Лиза помчалась просить товарищей сделать за нее семичасовое наблюдение, если она не успеет к вечеру.
Алексей Харитонович был на охоте. Он любил охотиться, и Валя, как и Ангелина Ефимовна, охотно отпускала его в тайгу. Свежая дичь всегда была кстати в нашем рационе. Иногда с ним уходили на охоту кто-либо из сотрудников, чаще геофизики, только не Леша Гурвич. Он не любил охоты. Я тоже.
Мы пообедали наскоро, прямо на кухне. Там сидел Бехлер. Узнав, кого мы едем встречать, они с Гарри переглянулись, потом оба вопросительно глянули на меня. Я пожал плечами. Марк ничего не заметил. Я ему не рассказывал про Абакумова. Новые работники обсерватории этой истории не знали.

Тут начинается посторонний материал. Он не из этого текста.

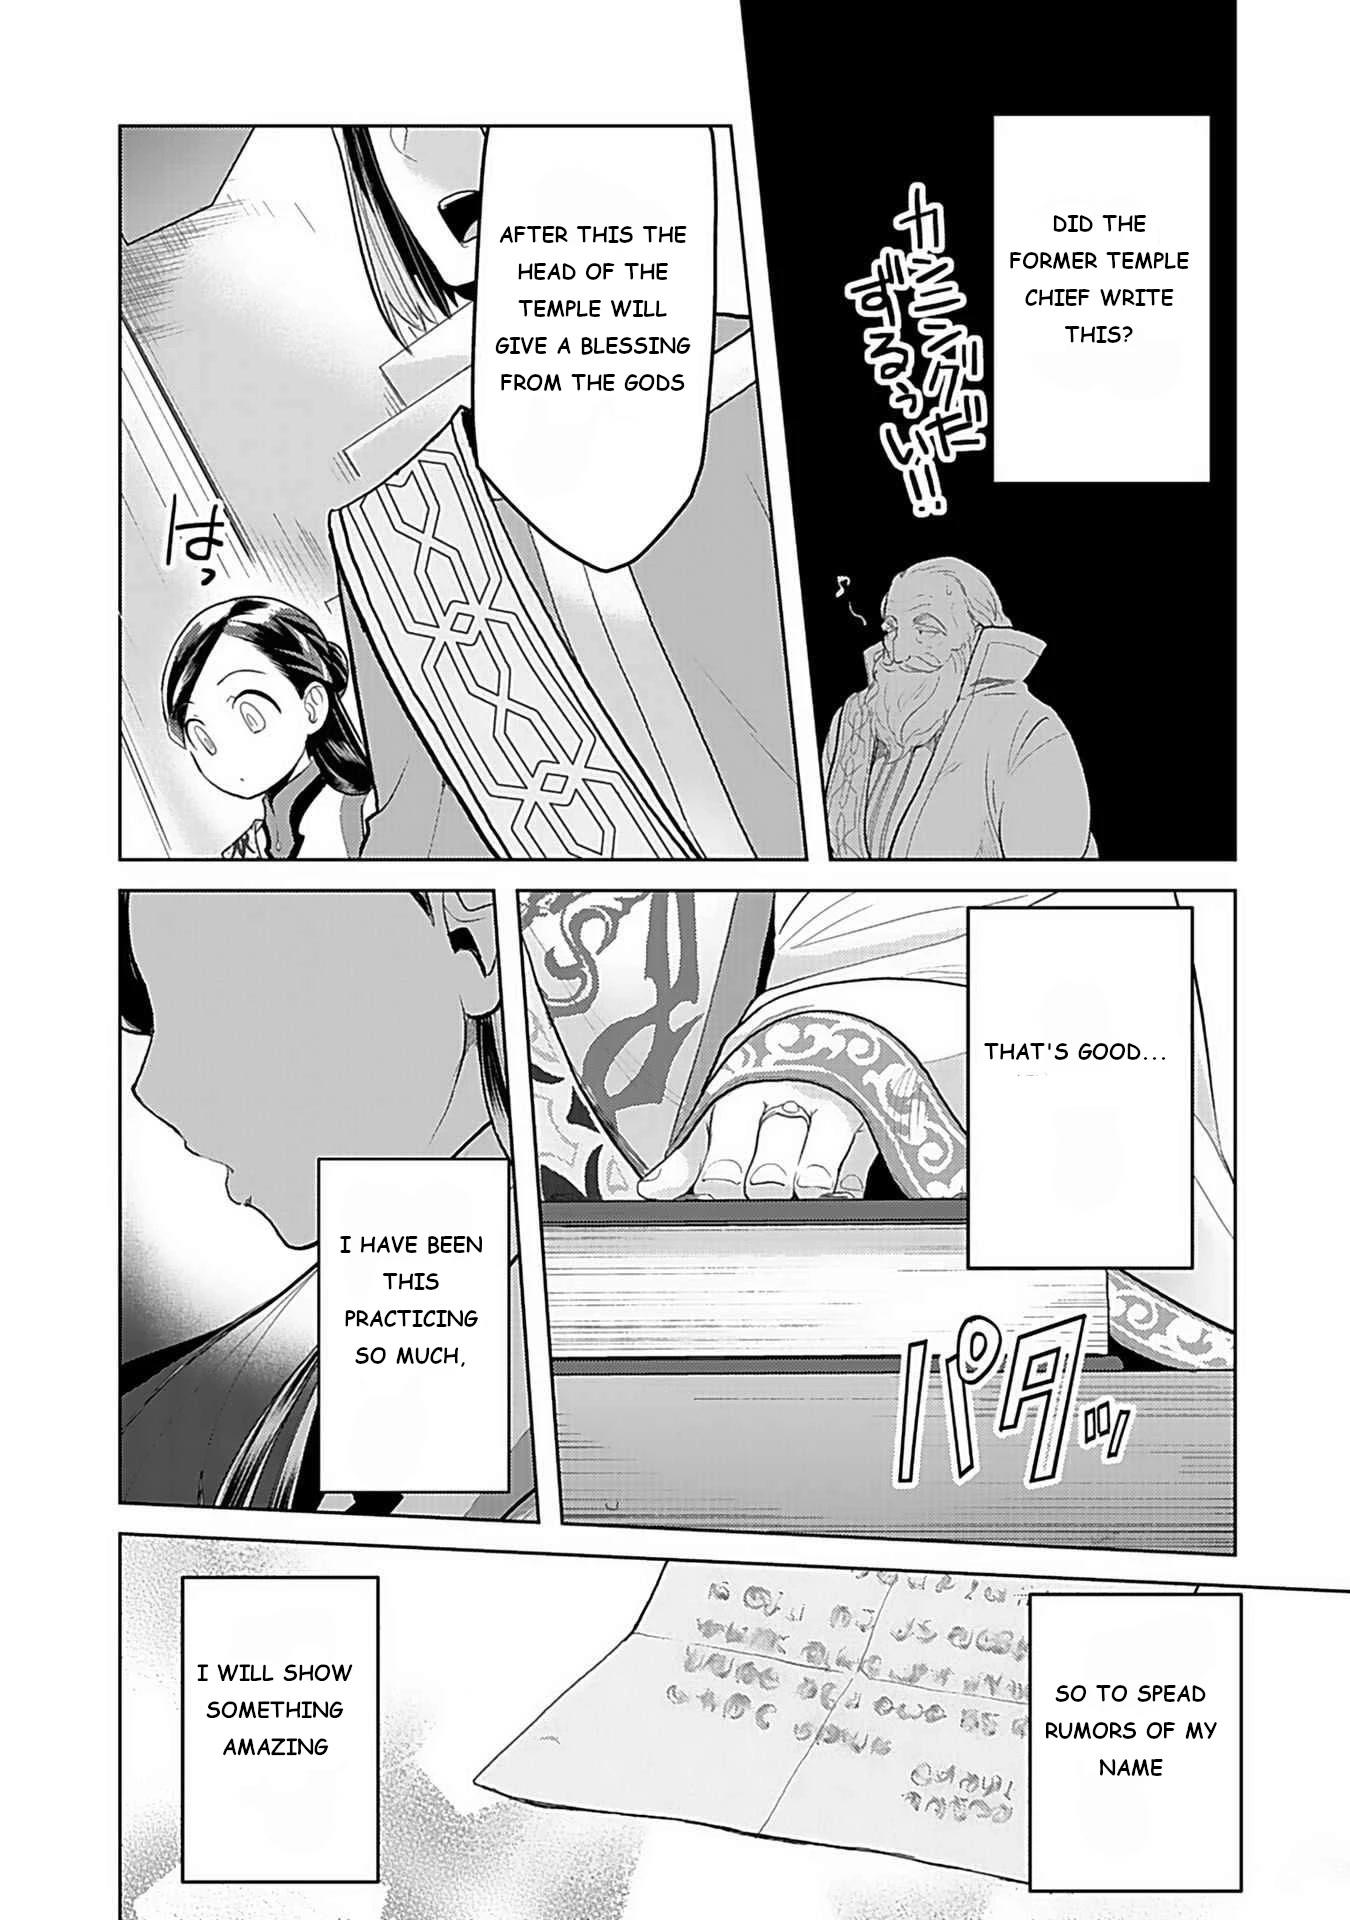 Honzuki no Gekokujou ~Shisho ni Naru Tame ni wa Shudan wo Erandeiraremasen~  Dai 3-bu 「Ryouchi ni Hon o Hirogeyou!」 Ch.3 Page 8 - Mangago

Так мы вылетели втроем… Как говорится, навстречу судьбе.
Глава четвертая
ВСТРЕЧА В ЗИМОВЬЕ
Мы приземлились на площади перед единственной гостиницей. Казаков, видимо, нас заждался. Он выскочил на улицу без шапки в одном свитере и довольно сердечно обнял меня. Я хотел познакомить его с Лизой и Марком, но куда там! Марк заорал:
— Берите вещи и скорее в вертолет!
Мела поземка, ветер все яростнее расшвыривал снег, кидал его в низкое, серое небо. Вертолет изрядно бросало. Всем стало очевидно, что до обсерватории не добраться. Обратно на Вечный порог — тоже… Мы почти вслепую перевалили хребет, и Марк приземлился у какого-то зимовья.
— Придется ночевать здесь! — прокричал он, открывая дверь. Ветер заглушал его голос. Из зимовья выскочили несколько парней и помогли нам закрепить вертолет. Мы поспешили укрыться в бараке.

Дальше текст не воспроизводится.